§ **INSTRUCTIONS FOR THE TASK**: Leave out all pictures. Extract exactly the lines from the one containing "Indiana Pacers' Lance" through the end of the data.

§ **STORED DATA**:

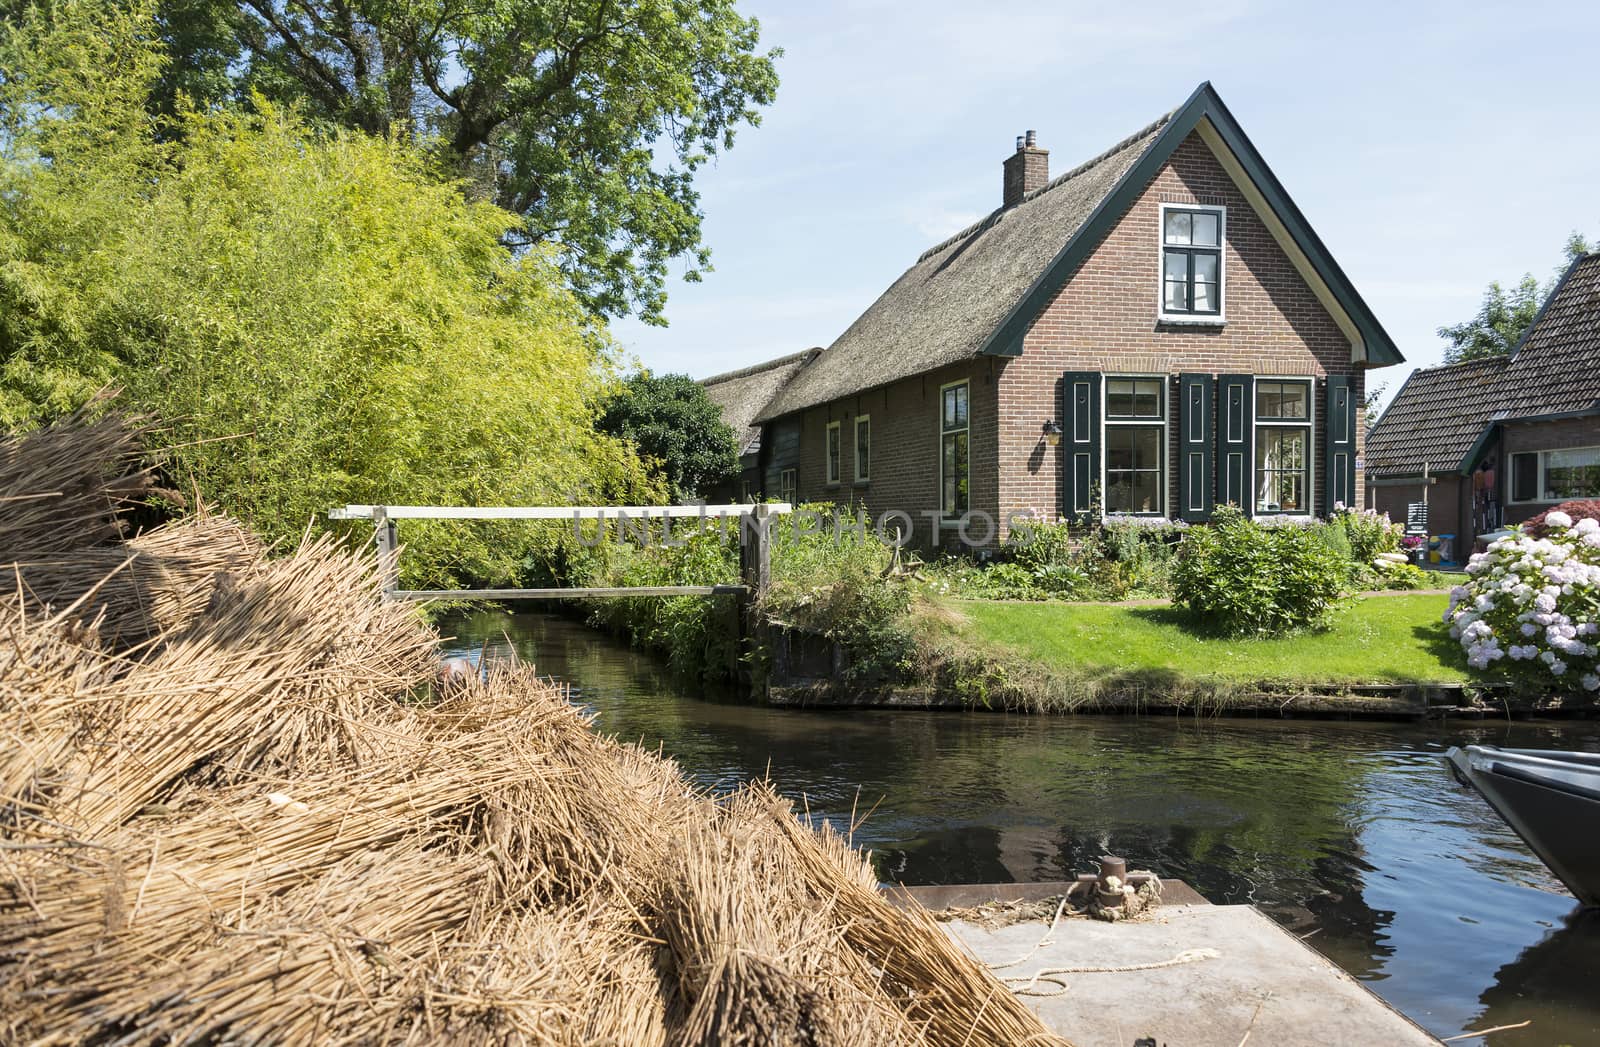 Hay and bales of straw for the roof in the ducth place giethoorn, called the venice of the north
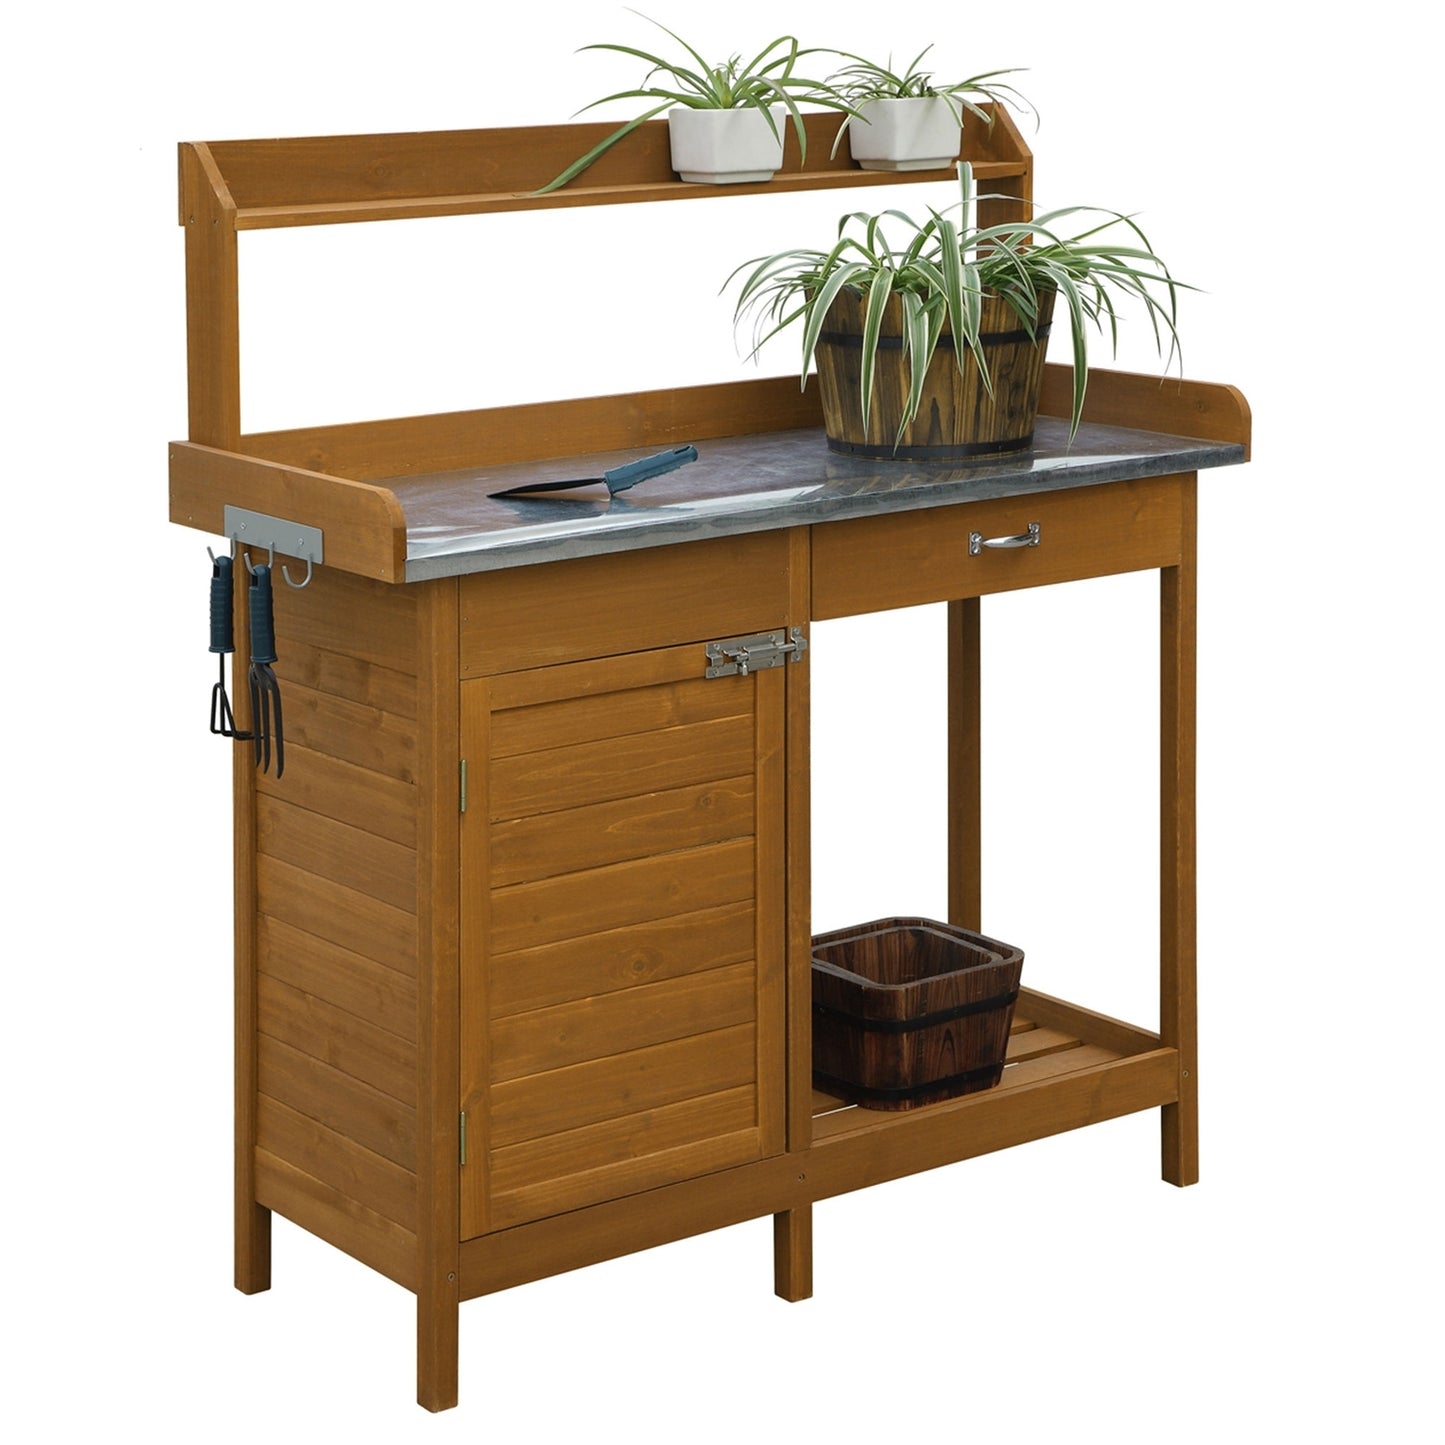 Outdoor Home Garden Potting Bench with Metal Table Top and Storage Cabinet
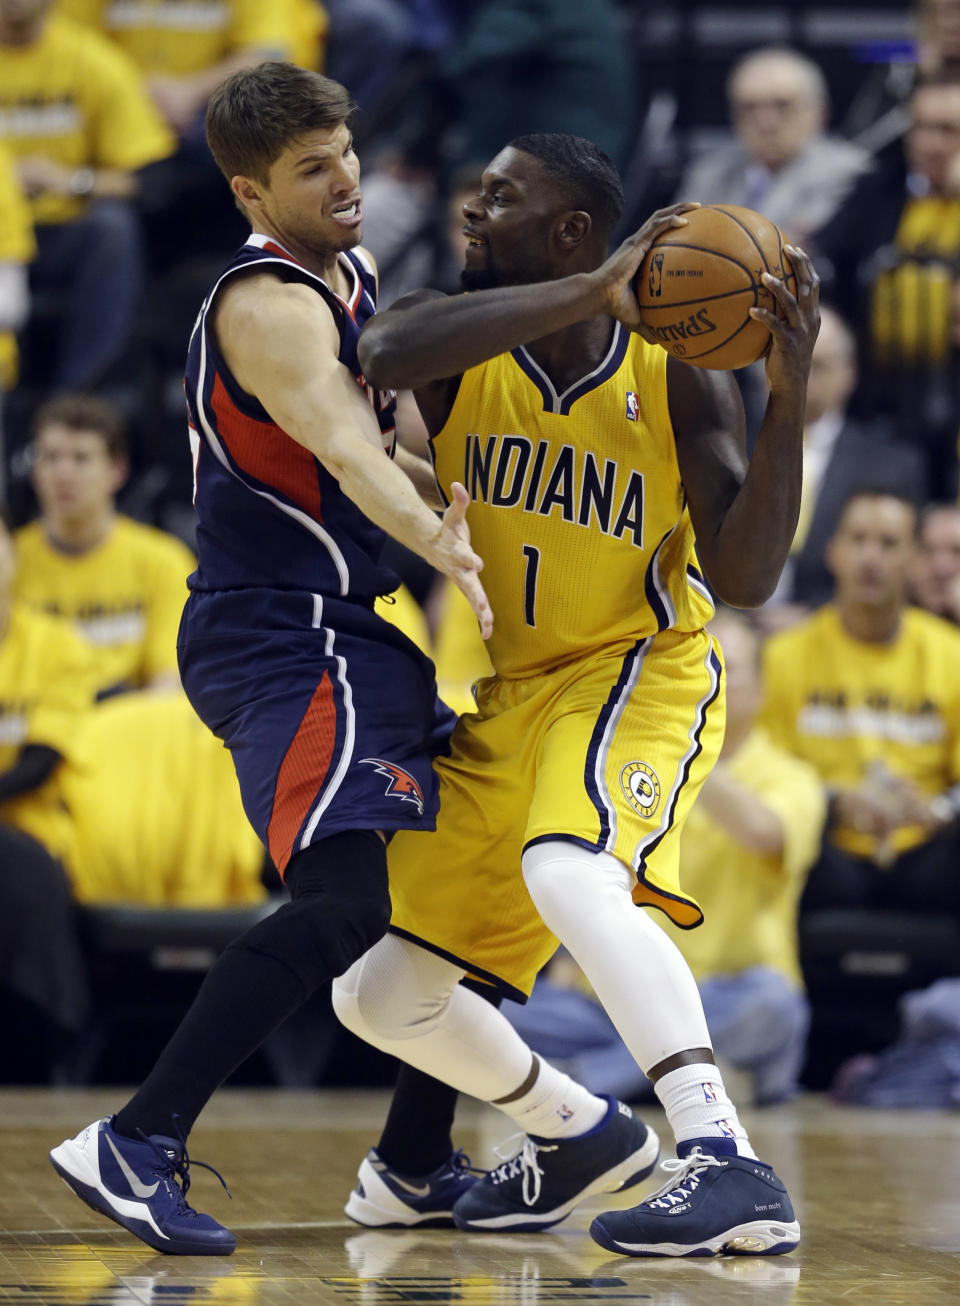 Indiana Pacers' Lance Stephenson (1) is defended by Atlanta Hawks' Kyle Korver during the first half in Game 1 of an opening-round NBA basketball playoff series on Saturday, April 19, 2014, in Indianapolis. (AP Photo/Darron Cummings)
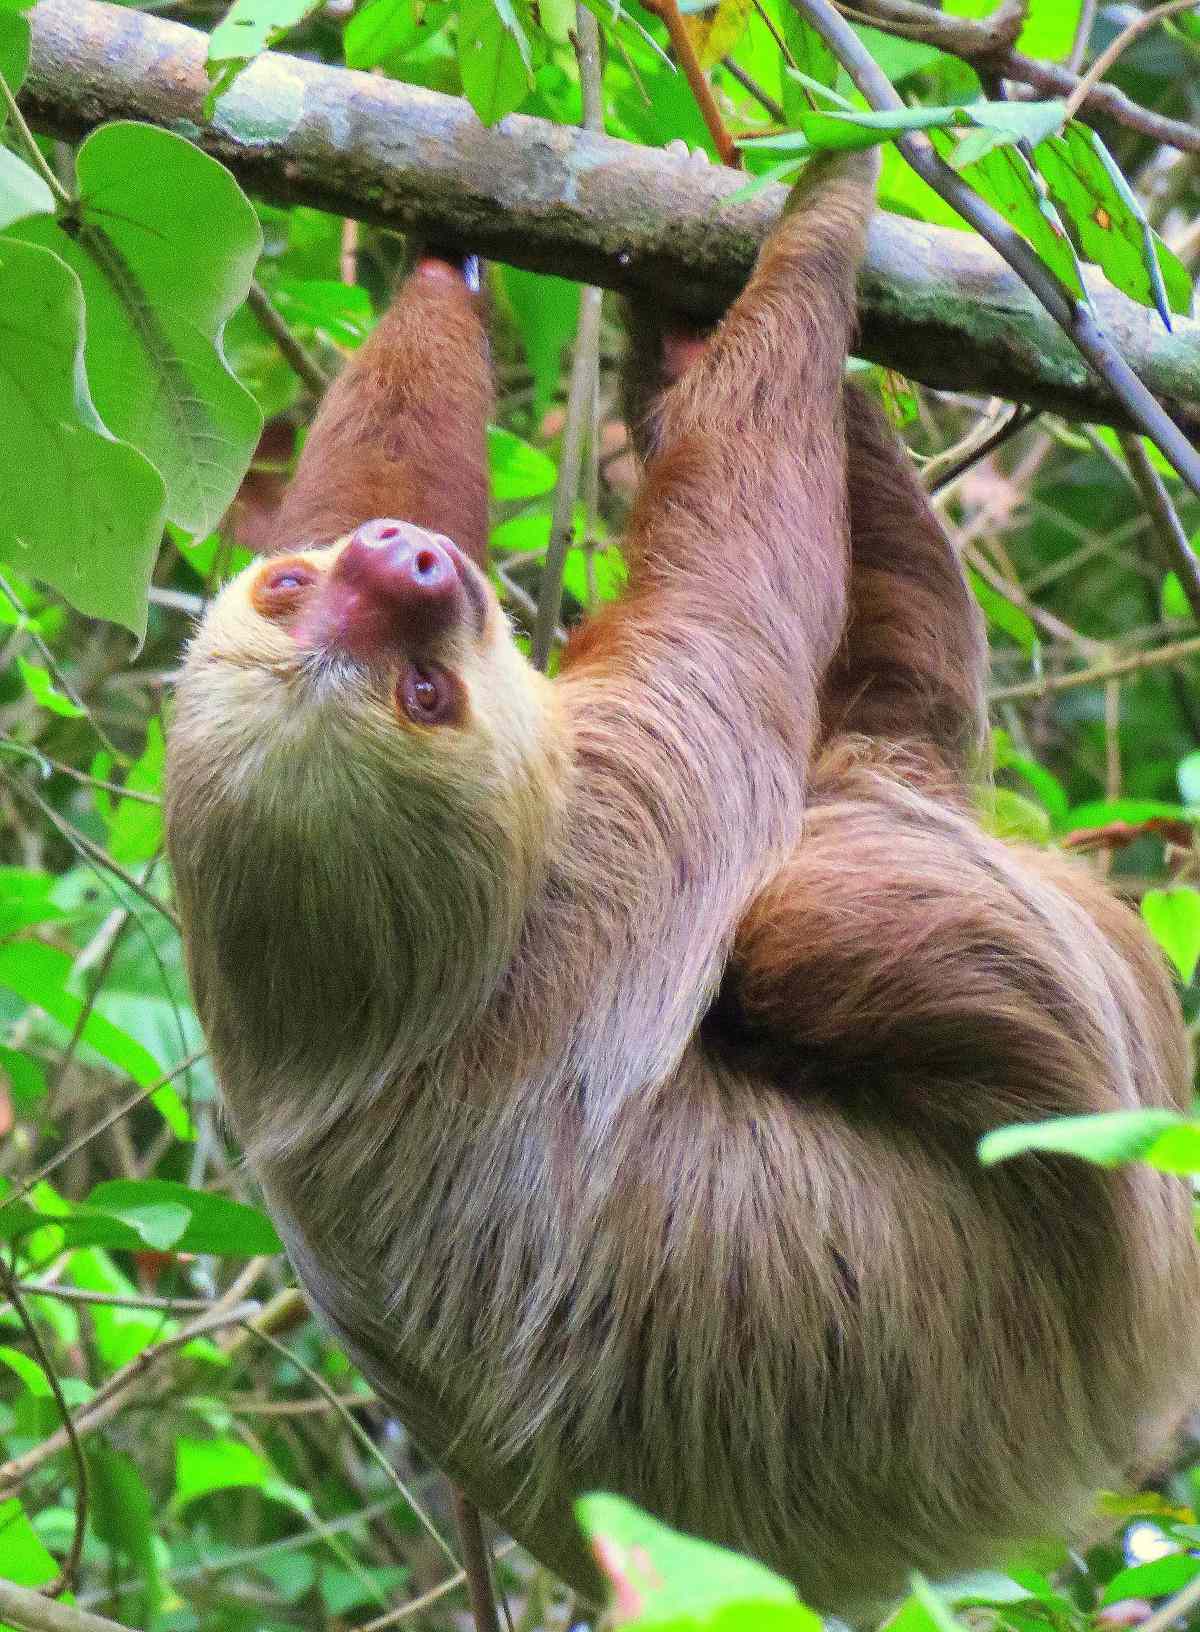 Sloth hanging from a tree, showing why they move so slowly

§ **COMPLETED EXERCISE**:
 Indiana Pacers' Lance Stephenson (1) is defended by Atlanta Hawks' Kyle Korver during the first half in Game 1 of an opening-round NBA basketball playoff series on Saturday, April 19, 2014, in Indianapolis. (AP Photo/Darron Cummings)
 Sloth hanging from a tree, showing why they move so slowly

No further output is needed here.